I dunno, seems to me very much a grass-is-greener sort of thing. You gotta decide what you really want, and pursue that.
I’m a lawyer myself and I make a very decent amount of money - and yes the hours are long and it is stressful.
OTOH, I have been poor, and it sucked - I worked in a pottery studeo, making crafts (I know many would find this ideal). I was young then, and I can only imagine how much it would suck to be poor, middle aged, with family responsibilities on top.
There are upsides and downsides to everything; people can love (or hate) just about any occupation.

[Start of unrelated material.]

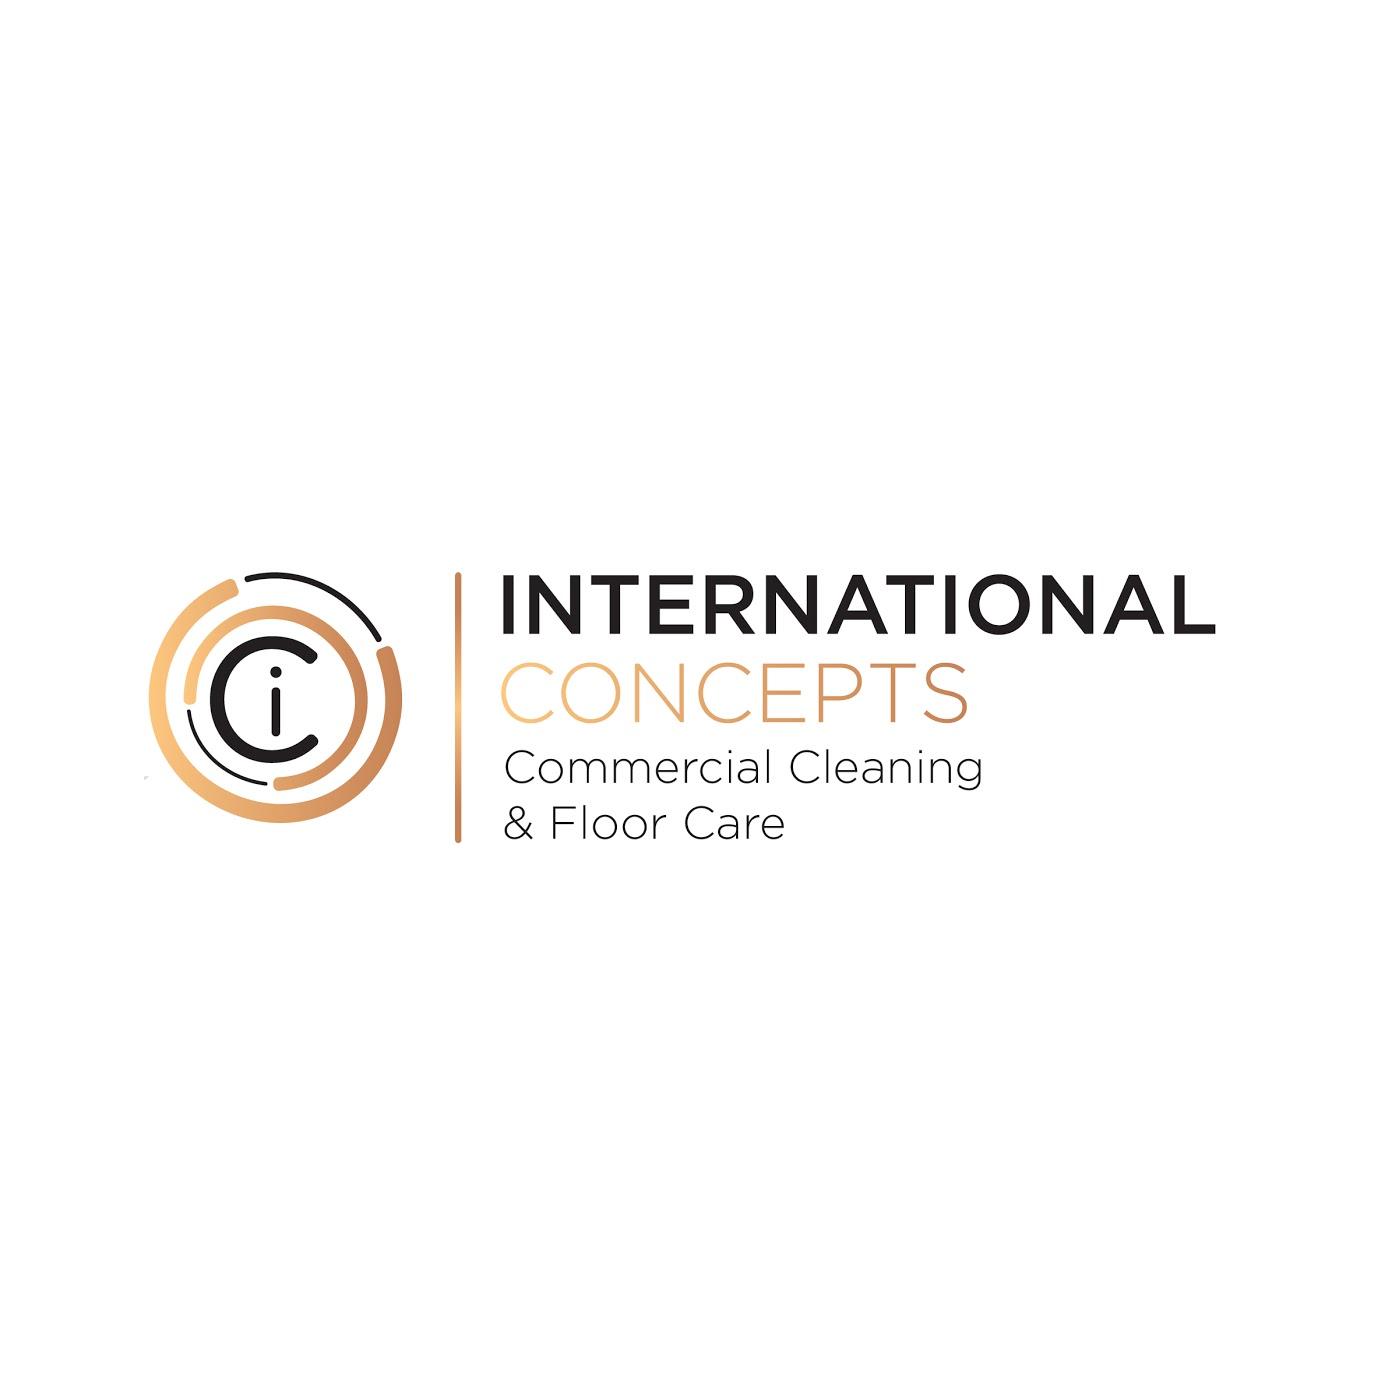 International Concepts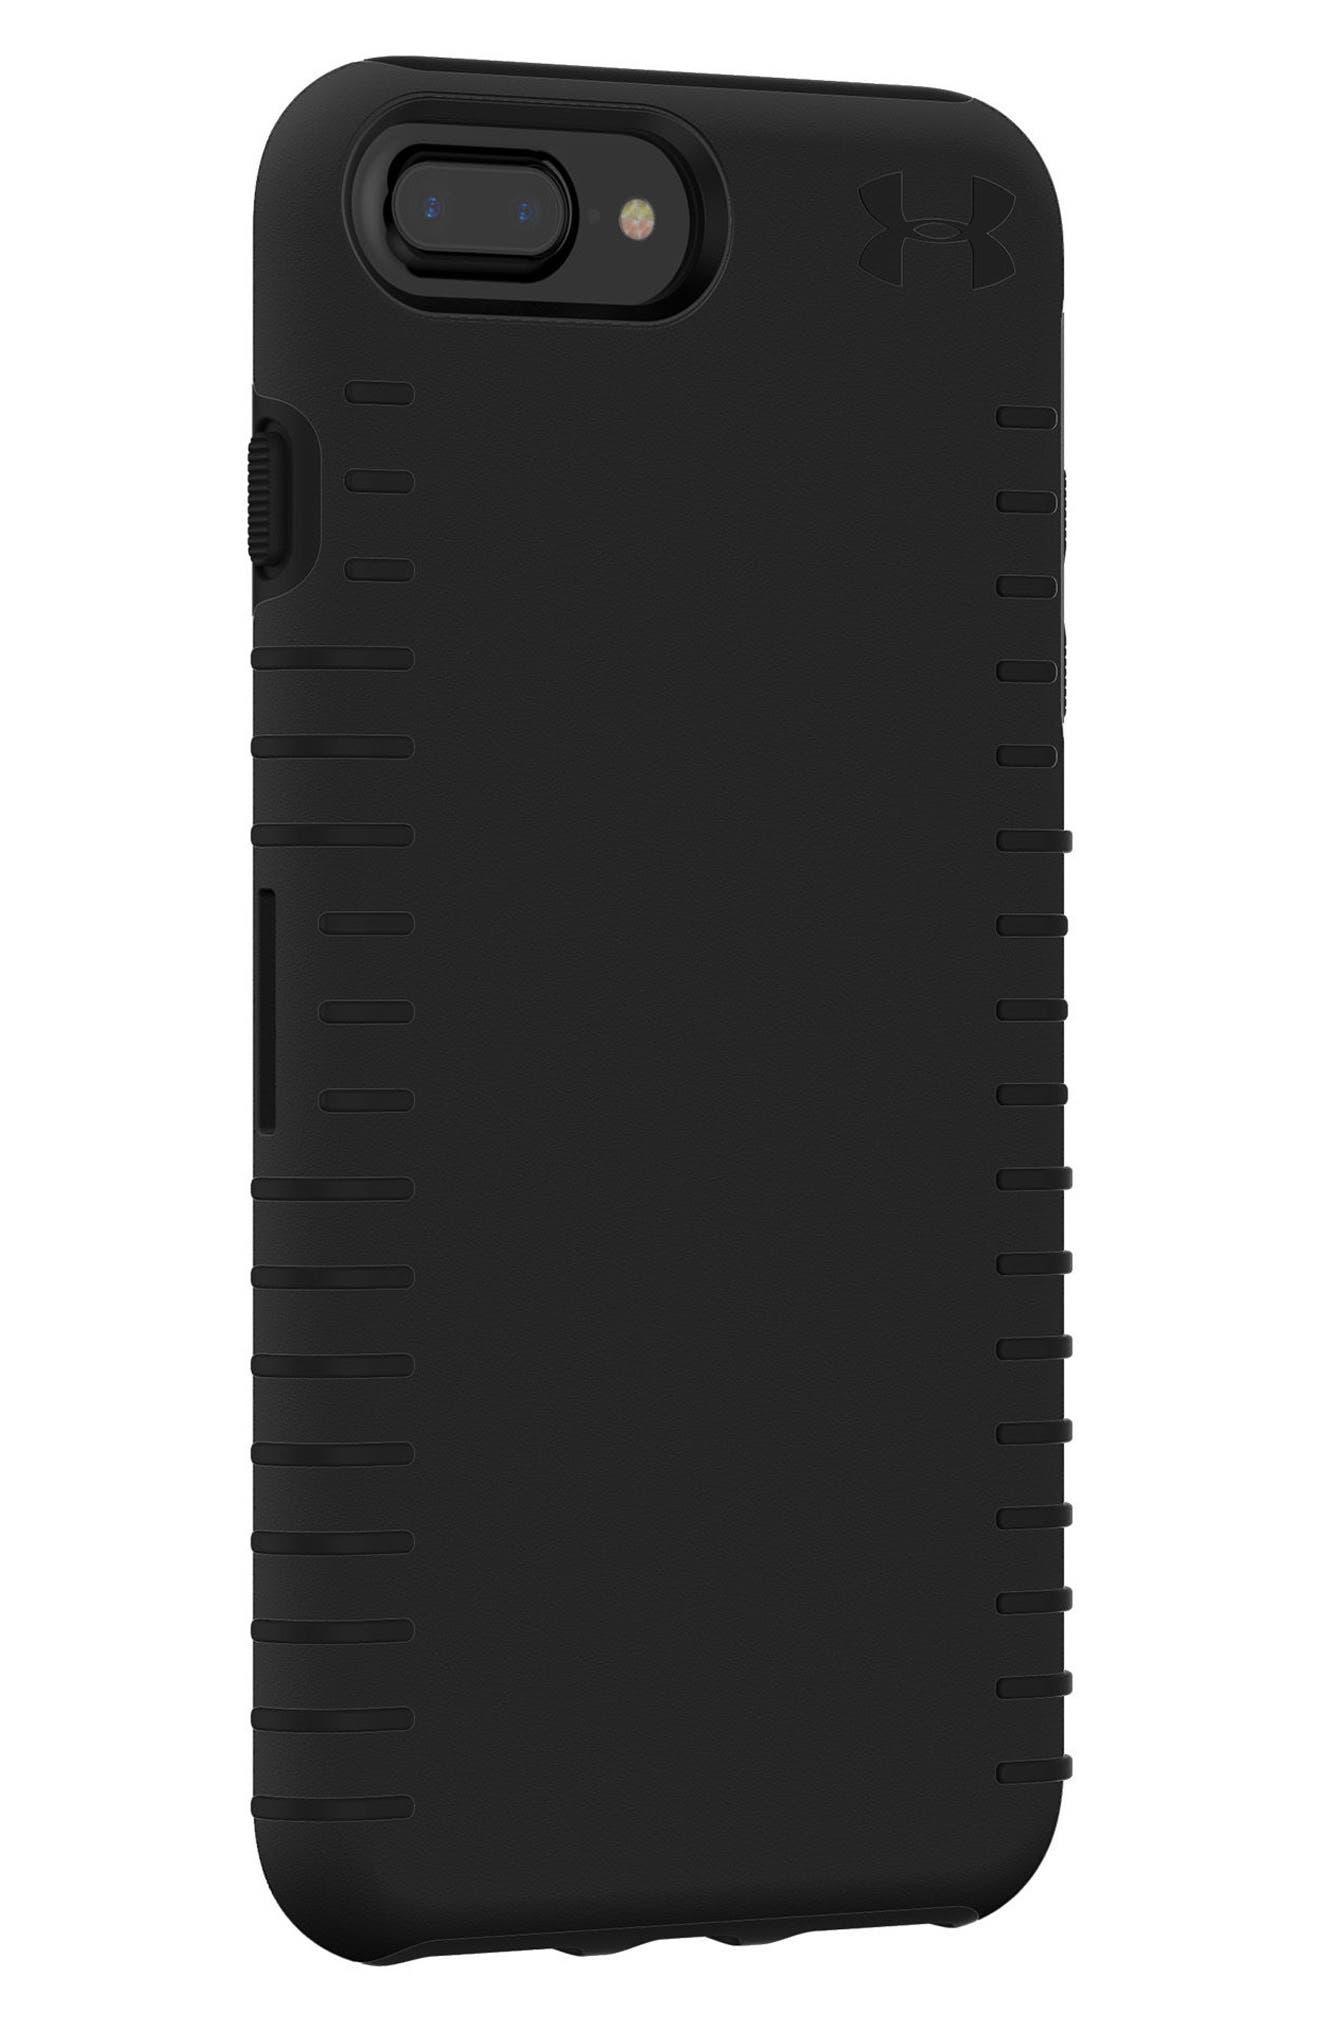 Protect Grip iPhone 6/6s/7/8 Plus Case,                             Alternate thumbnail 2, color,                             001

I thought I would love making things with my hands - I was pretty good at it; but what I discovered is that what I liked to make, as a hobby, would not sell, and what I could sell for a profit was stuff I did not particularly like to make; this was simply inherent in the medium - the stuff I liked to make was too time-consuming, I could not charge enough to make it worthwhile.
Plus, even the best paid artisans don’t really earn a lot (they are competing with a lot of talented people who do not need, for one reason or another, to live on what they earn).
I decided I simply did not want to end up making stuff that I could sell. I could easily see myself making stuff I did not like, and still barely earning a living if I was lucky. I didn’t like where that road was leading.
Frankly, I’m happier being a lawyer. The work I do is challenging - it is a new problem every day, ones which do not have any set solutions; there is real creativity in dealing with them, which is very satisfying. The focus on dockets and billing is harsh, but really no different from selling crafts - you have to charge people for what you do; no occupation is free of that, in one way or another - it is merely a method of justifying, to others, the resources you are given; even academics have to go through that, with grant applications and the like.